Elsewhere, corporations from software manufacturers to banks are retrofitting their offices to make them more energy efficient.
Still, the changes are not happening fast enough. So some governments are finally starting to take the lead, by taxing things they want to discourage (such as gas-guzzling vehicles), by subsidizing or removing taxes from things they want to encourage (such as public transit or fuel-efficient cars), by charging “congestion” fees for energy and transport use, and by enforcing reductions for large carbon dioxide emitters such as energy producers and automakers.
Some governments, for example, are rethinking the many ways they subsidize oil companies, keeping the price of oil artificially low, whether it is by providing money to find and develop new sources of oil or by reducing taxes on gasoline and heating oil. Developing countries such as Indonesia, Malaysia and Thailand are learning that keeping fuel prices low discourages conservation and fuel efficiency. It also means less money for needs like health care and education, and less money to invest in renewable energy.
In the United States, thirty-six states, tired of waiting for the federal government to enact climate change legislation, are taking their own action to reduce greenhouse gas emissions.6 In Oregon, any new gas-fired power plant is required to be 17 percent more efficient than any other gas-fired plant in the entire country.7 California pledged to reduce its greenhouse gas emissions to 1990 levels by 2020 (a 25 percent reduction).8 Improved fuel-efficiency standards set by state legislators are forcing automakers to reduce greenhouse emissions by as much as 30 percent by 2014, creating a rising demand for hybrid vehicles that run partly on gas and partly on batteries.
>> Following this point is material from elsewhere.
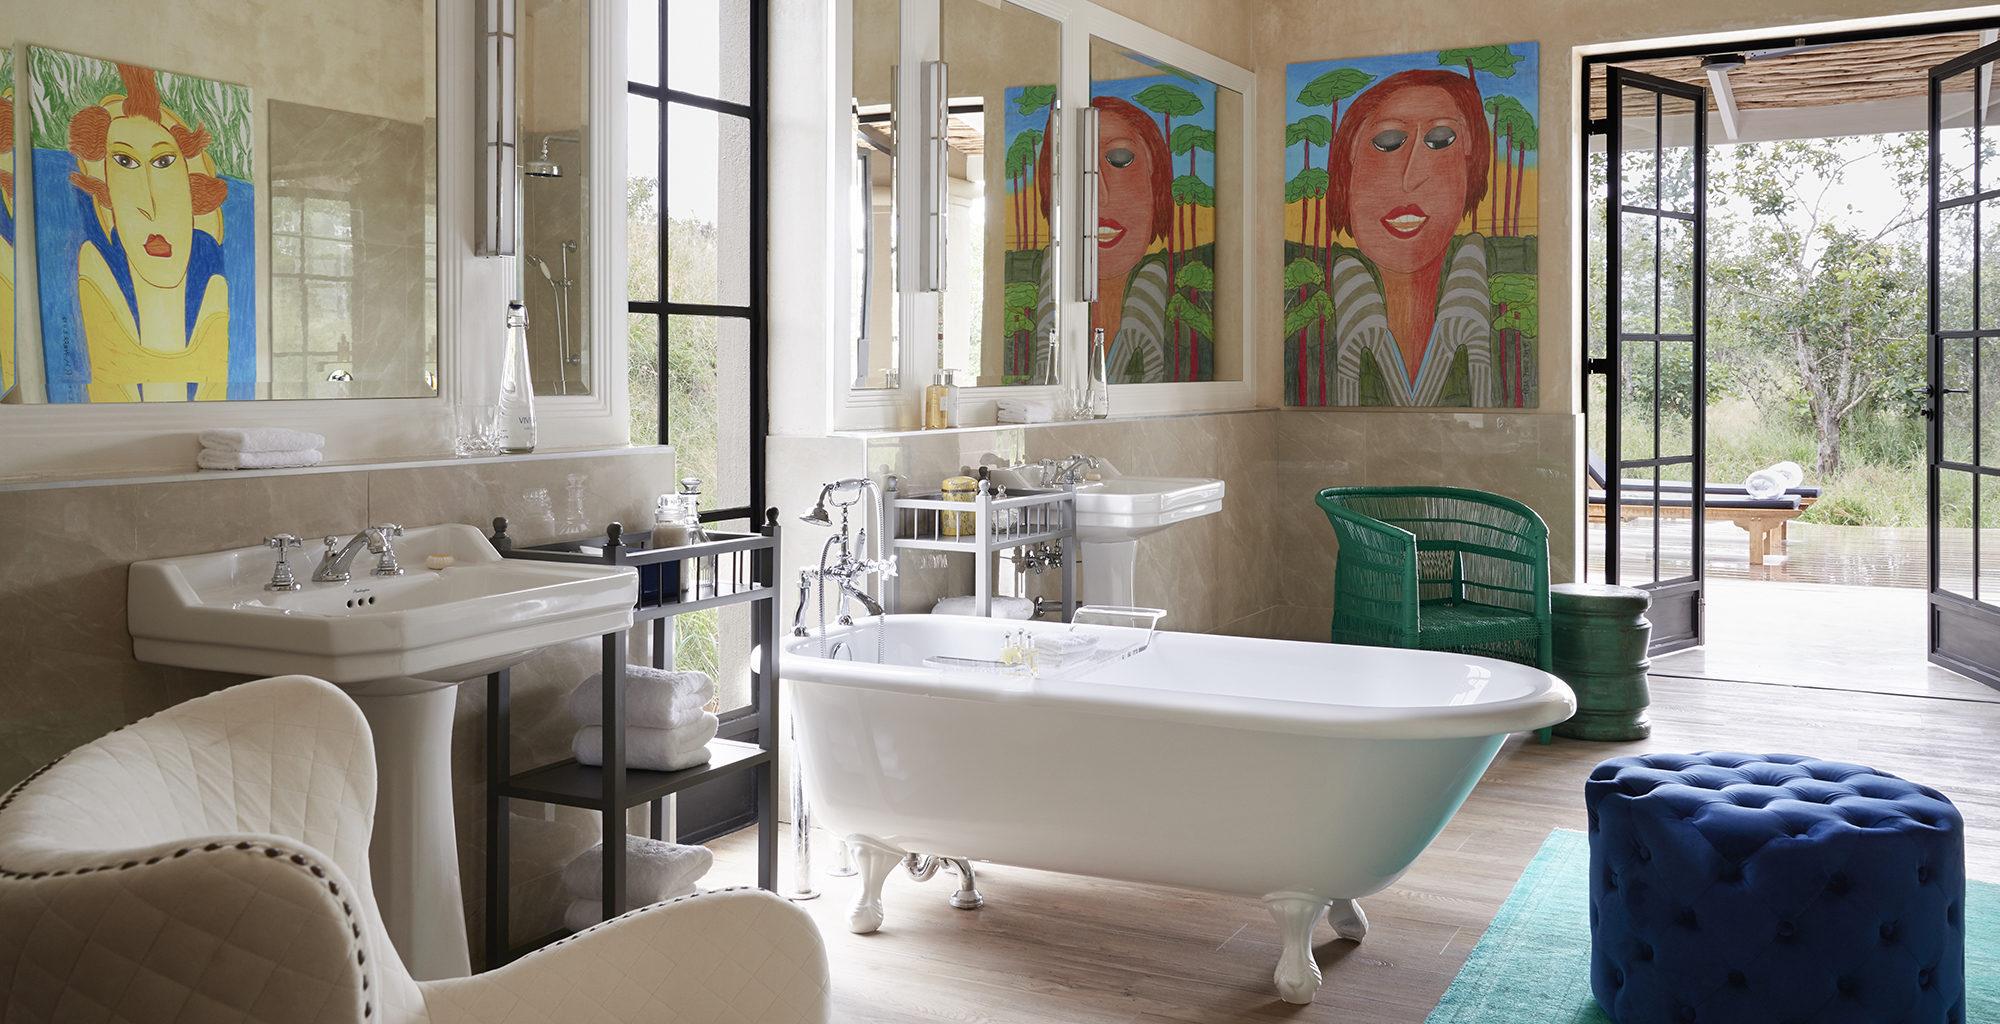 South-Africa-Farmstead-Bathroom

The battery is recharged as the engine runs, and the cars routinely use half as much gas as regular vehicles.
Elsewhere, the state of West Australia has formed a partnership with an oil company, car company, fuel-cell manufacturer and university to fund three hydrogen fuel-cell powered buses in the capital city of Perth. And governments from China to Europe are subsidizing city buses that run on hydrogen, providing rebates or tax relief for people who buy hybrid cars, providing stable funding for buses, streetcars, trains and bike lanes.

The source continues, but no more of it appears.